Sarkozy looks to happiness for growth
Sarkozy looks to happiness for growth

Sarkozy looks to happiness for growth

PARIS - What price happiness? French President Nicolas Sarkozy is seeking an answer to the eternal question – so that happiness can be included in measurements of French economic growth. He has turned to two Nobel economists to help him, hoping that if happiness is added to the count, the persistently sluggish French economy may seem more rosy.

"It reflects a general feeling in Europe that says, 'OK, the U.S. has been more successful in the last 20, 25 years in raising material welfare, but does this mean they are happier?' "said Paul de Grauwe, economics professor at Leuven University in Belgium. "The answer is no, because there are other elements to happiness," said Grauwe, once a candidate for the European Central Bank governing council.

In terms of gross domestic product, the internationally recognized way of measuring the size of an economy, French growth lagged behind the U.S. throughout most of the 1980s, 1990s and every year since 2001. Although recent turmoil in financial markets may hit the U.S. economy harder, the loss of speed in the world economy’s biggest player will also drag down growth in France. Economists say growth may fall short of the government targets this year.

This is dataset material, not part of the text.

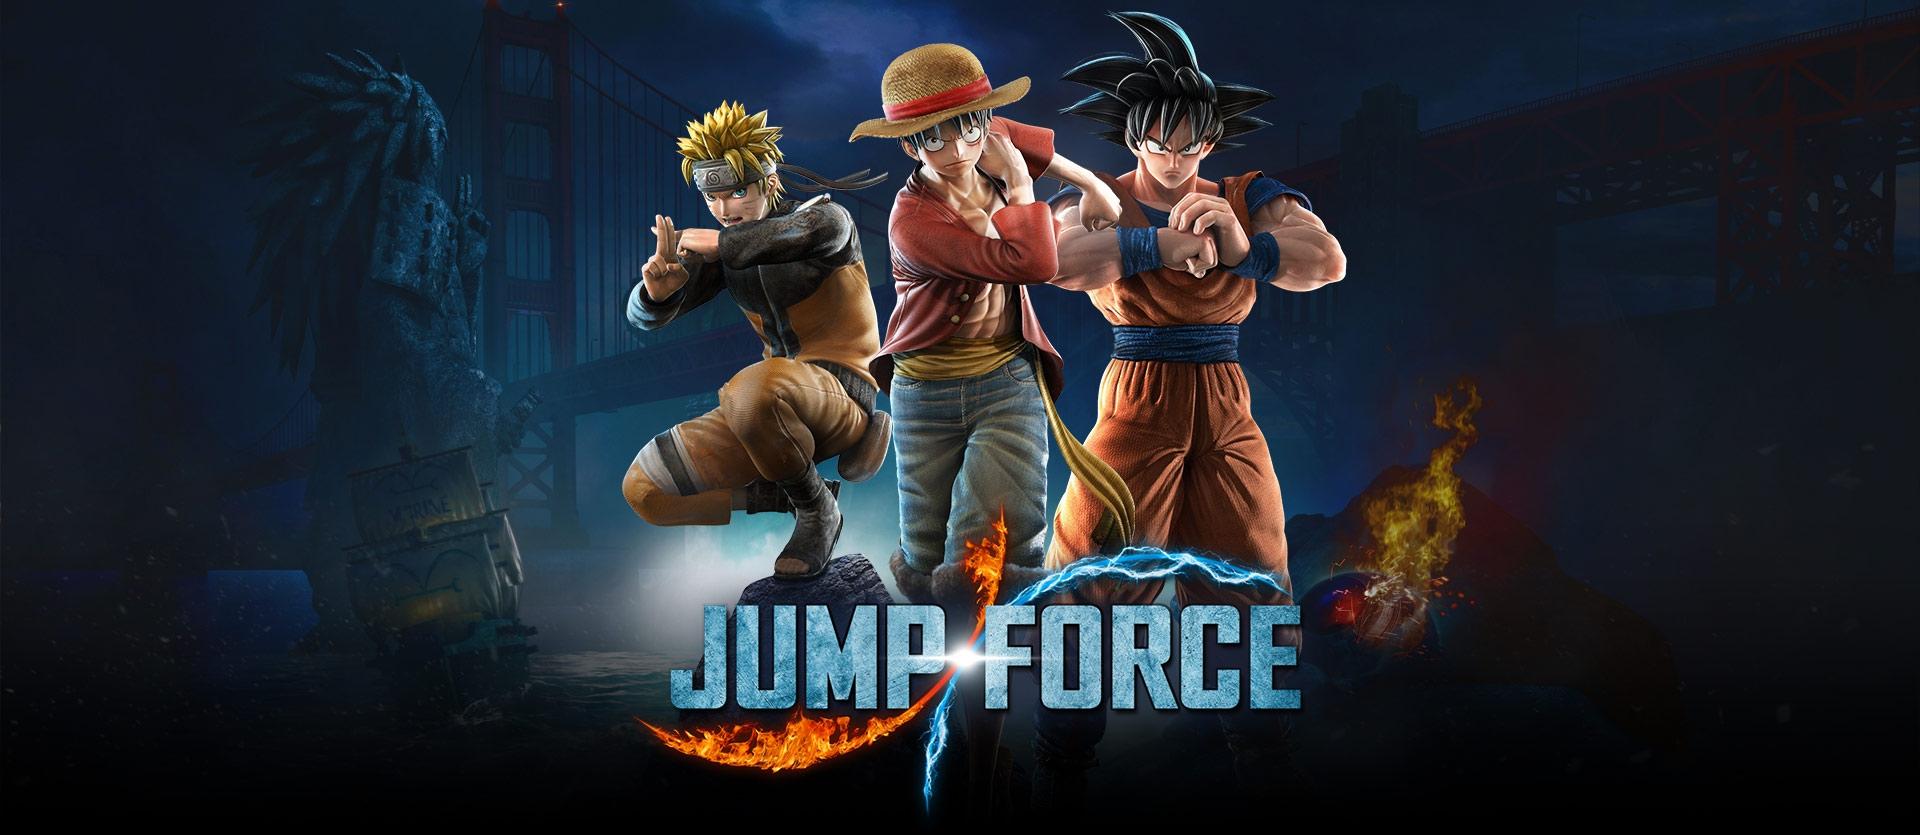 Bandai Namco svela la road-map per i DLC di Jump Force
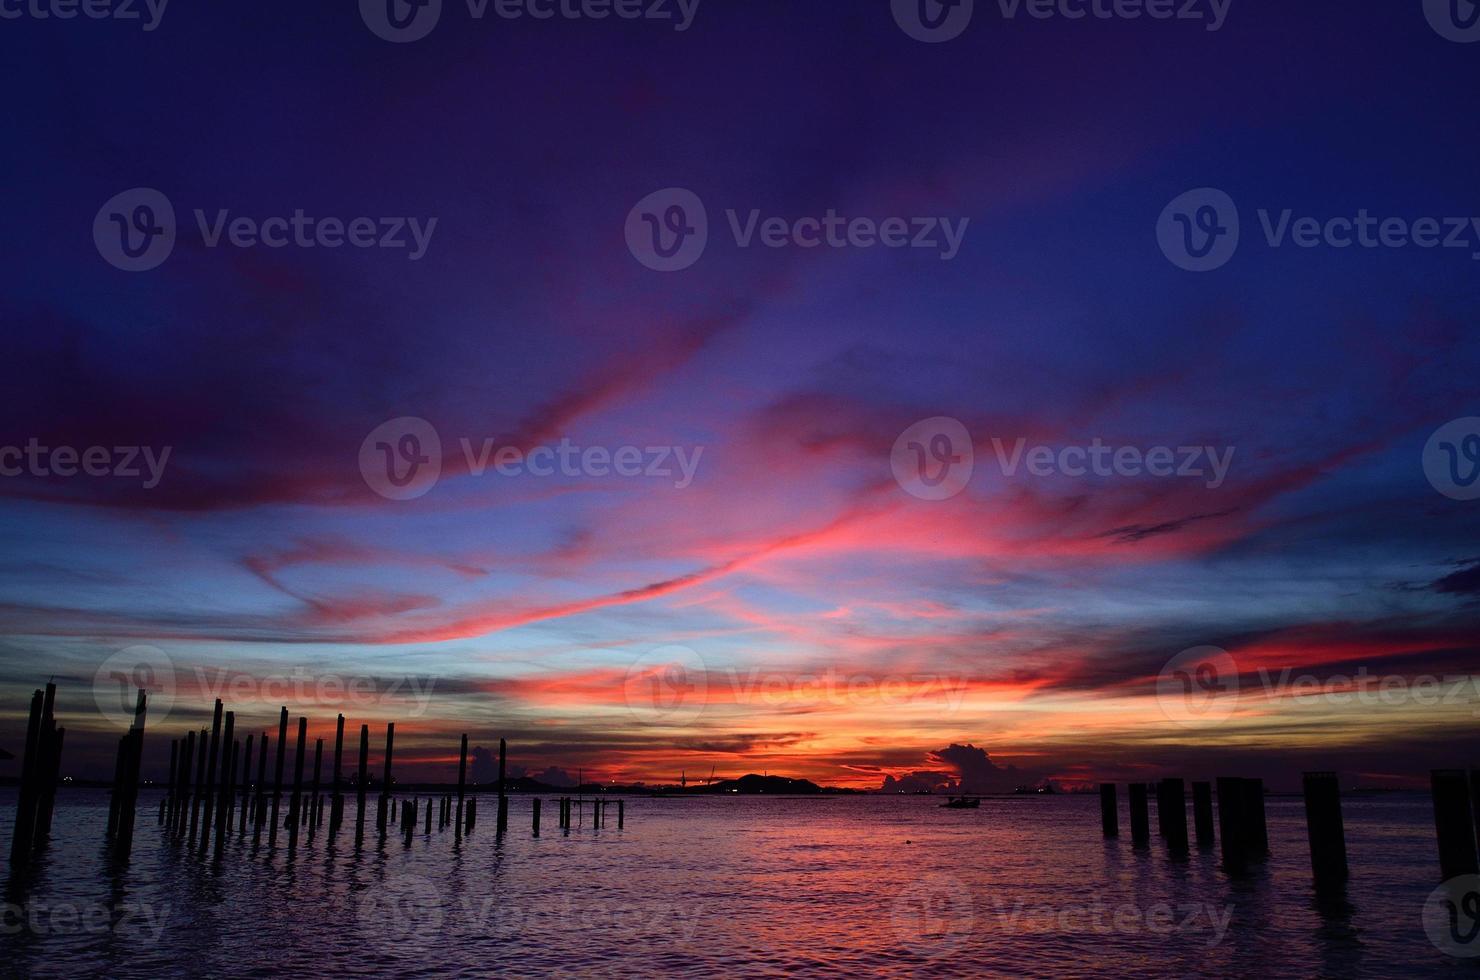 Sichang island silhouette with twilight sky photo

Sarkozy’s move raised questions about whether he wants to ward off disappointing growth numbers as a rise in oil and food prices combined with a slowdown in the U.S. clouds the effect of his economic reforms. Since his election in May he has sought to boost growth, notably by encouraging people to work longer than the much maligned 35-hour week. Sarkozy has often appeared impatient with the French economy’s lackluster performance, once declaring:

"I will not wait for growth, I will go out and find it." Frustrated with what he termed Tuesday "the growing gap between statistics that show continuing progress and the increasing difficulties (French people) are having in their daily lives," Sarkozy said new thought should be given to the way GDP is calculated to take into account quality of life.

At a news conference Tuesday, Sarkozy said he had asked U.S. economist Joseph Stiglitz, winner of the 2001 Nobel economics prize and a critic of free market economists, and Armatya Sen of India, who won the 1998 Nobel prize for work on developing countries, to lead the analysis in France. Sen helped create the United Nations’ Human Development Index, a yearly welfare indicator designed to gear international policy decisions to take account of health and living standards.

Once the preserve of philosophers, measuring happiness has now become a hot topic in economics. A recent report from the Organization for Economic Co-operation and Development considers taking into account leisure time and income distribution when calculating a nation’s well-being. And the European Commission is working on a new indicator that moves "beyond GDP" to account for factors such as environmental progress.

Richard Layard, a professor at the London School of Economics and author of the 2005 book "Happiness: Lessons from a New Science," said Sarkozy may be seeking recognition for policies, popular in Europe, which promote well-being but don’t show up in the GDP statistics. Governments are rated on economic performance, and this influences policy in favour of boosting GDP, the value of goods and services produced over a calendar year, he said.

"But people don’t want to think they live in a world of ruthless competition where everyone is against everyone," Layard said. "Valuable things are being lost, such as community values, solidarity." His book shows that depression, alcoholism and crime have risen in the last 50 years, even as average incomes more than doubled.

Jean-Philippe Cotis, the former OECD chief economist who took over as head of France’s statistics office Insee two months ago, said that a measure of happiness would complement GDP by taking into account factors such as leisure time, something France has a lot of. France’s unemployment rate is stubbornly high, and when French people do work they spend less time on the job – 35.9 hours per week compared with the EU average of 37.4. Cotis said he looked forward to a "passionate" debate beyond the traditional realms of his science.

"Statisticians are also interested in happiness," he said. And so, it would seem, are presidents. Basking in the happy glow of new love with model-turned-singer Carla Bruni, Sarkozy showed that his concern for happiness is universal. A president, he said, "doesn’t have more right to happiness than anyone else, but not less than anyone, either."